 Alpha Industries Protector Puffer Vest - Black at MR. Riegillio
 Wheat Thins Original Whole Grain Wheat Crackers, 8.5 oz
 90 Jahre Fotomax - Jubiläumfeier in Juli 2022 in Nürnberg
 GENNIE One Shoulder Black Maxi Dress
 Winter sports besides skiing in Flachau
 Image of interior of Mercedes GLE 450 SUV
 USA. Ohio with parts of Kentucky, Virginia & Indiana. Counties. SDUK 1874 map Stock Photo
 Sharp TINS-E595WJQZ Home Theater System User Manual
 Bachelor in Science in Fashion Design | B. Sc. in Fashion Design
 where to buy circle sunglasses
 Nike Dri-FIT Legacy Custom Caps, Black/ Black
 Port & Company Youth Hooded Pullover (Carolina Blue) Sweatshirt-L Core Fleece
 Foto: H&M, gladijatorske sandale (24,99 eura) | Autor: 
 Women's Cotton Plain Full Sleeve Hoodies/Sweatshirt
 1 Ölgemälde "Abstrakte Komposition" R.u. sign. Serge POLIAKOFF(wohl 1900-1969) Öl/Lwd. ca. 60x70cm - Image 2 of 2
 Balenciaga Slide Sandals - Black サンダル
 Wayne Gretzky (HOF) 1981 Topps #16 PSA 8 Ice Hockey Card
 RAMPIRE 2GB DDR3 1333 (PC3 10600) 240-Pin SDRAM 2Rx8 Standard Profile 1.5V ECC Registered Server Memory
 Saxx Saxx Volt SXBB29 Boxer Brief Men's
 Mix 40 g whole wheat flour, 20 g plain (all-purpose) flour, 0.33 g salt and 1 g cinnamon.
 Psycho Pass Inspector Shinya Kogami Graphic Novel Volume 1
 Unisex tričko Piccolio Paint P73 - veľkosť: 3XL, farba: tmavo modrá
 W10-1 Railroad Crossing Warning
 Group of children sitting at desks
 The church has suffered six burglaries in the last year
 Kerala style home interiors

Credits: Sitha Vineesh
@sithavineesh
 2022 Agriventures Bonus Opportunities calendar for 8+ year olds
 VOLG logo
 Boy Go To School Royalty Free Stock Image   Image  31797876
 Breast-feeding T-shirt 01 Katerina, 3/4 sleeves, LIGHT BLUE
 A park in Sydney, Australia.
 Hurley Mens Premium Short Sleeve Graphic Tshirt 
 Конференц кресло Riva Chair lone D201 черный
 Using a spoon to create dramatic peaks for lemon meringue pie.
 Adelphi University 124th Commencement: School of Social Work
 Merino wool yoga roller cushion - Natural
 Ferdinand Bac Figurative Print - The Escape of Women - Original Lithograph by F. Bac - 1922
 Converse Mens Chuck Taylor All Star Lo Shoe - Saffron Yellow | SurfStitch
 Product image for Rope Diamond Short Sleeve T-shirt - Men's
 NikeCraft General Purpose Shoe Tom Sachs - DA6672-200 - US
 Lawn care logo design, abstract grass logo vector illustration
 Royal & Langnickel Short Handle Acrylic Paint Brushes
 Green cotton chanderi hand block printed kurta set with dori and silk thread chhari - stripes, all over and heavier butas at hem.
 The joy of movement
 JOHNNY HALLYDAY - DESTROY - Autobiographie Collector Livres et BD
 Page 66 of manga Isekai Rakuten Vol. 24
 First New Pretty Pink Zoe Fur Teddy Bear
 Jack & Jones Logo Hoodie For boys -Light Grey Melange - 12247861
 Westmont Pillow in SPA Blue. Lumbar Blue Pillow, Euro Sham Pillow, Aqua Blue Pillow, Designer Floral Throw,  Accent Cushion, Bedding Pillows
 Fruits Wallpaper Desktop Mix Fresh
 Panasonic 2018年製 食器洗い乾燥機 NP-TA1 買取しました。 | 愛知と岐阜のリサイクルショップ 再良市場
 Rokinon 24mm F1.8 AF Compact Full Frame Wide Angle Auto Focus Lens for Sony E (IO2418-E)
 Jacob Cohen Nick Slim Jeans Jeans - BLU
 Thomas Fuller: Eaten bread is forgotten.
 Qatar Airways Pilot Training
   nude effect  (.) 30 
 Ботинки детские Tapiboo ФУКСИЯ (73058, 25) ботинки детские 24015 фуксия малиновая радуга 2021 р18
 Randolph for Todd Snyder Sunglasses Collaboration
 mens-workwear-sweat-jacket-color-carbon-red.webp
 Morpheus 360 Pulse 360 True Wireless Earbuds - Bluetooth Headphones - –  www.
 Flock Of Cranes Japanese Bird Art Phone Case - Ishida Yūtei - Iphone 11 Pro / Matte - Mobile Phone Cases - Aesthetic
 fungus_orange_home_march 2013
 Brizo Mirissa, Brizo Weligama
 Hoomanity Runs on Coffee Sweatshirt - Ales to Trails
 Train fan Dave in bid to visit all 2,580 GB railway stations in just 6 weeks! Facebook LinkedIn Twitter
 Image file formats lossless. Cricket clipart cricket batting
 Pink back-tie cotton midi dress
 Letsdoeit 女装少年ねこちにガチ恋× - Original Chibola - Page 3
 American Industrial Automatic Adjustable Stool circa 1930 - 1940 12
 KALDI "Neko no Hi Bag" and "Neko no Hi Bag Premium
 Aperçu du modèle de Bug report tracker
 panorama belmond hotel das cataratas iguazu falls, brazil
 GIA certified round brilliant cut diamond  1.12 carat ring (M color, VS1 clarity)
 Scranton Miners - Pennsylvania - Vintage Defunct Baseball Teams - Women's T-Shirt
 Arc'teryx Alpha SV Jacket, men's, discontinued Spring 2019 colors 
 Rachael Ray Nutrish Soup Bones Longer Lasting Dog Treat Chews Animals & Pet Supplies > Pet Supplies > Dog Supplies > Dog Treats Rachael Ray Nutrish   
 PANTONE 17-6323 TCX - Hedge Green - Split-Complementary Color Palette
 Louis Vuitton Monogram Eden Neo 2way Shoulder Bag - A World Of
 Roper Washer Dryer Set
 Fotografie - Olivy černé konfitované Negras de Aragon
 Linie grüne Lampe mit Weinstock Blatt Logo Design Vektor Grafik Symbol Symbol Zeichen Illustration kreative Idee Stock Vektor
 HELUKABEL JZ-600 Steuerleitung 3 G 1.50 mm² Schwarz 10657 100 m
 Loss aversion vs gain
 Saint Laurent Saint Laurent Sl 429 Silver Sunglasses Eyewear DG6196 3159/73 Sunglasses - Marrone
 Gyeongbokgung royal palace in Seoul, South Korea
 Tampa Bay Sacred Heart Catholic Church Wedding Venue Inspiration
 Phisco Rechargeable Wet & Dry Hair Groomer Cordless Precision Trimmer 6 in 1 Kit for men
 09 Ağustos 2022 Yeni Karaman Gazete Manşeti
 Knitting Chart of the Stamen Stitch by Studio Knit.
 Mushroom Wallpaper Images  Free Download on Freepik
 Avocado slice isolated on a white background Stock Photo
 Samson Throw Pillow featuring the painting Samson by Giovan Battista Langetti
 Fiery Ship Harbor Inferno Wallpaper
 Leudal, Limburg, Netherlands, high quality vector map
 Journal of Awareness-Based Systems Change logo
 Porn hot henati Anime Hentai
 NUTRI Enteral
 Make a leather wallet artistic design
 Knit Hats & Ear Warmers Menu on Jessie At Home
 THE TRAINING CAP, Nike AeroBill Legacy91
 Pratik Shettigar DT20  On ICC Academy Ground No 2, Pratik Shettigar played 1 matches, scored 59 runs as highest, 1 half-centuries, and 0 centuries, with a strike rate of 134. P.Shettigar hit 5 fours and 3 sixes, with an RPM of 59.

▶ [AIM OF THE EXERCISE] Out of the records above, pull each line containing the word "year".

▶ [ANSWER SPACE]
 The church has suffered six burglaries in the last year
 2022 Agriventures Bonus Opportunities calendar for 8+ year olds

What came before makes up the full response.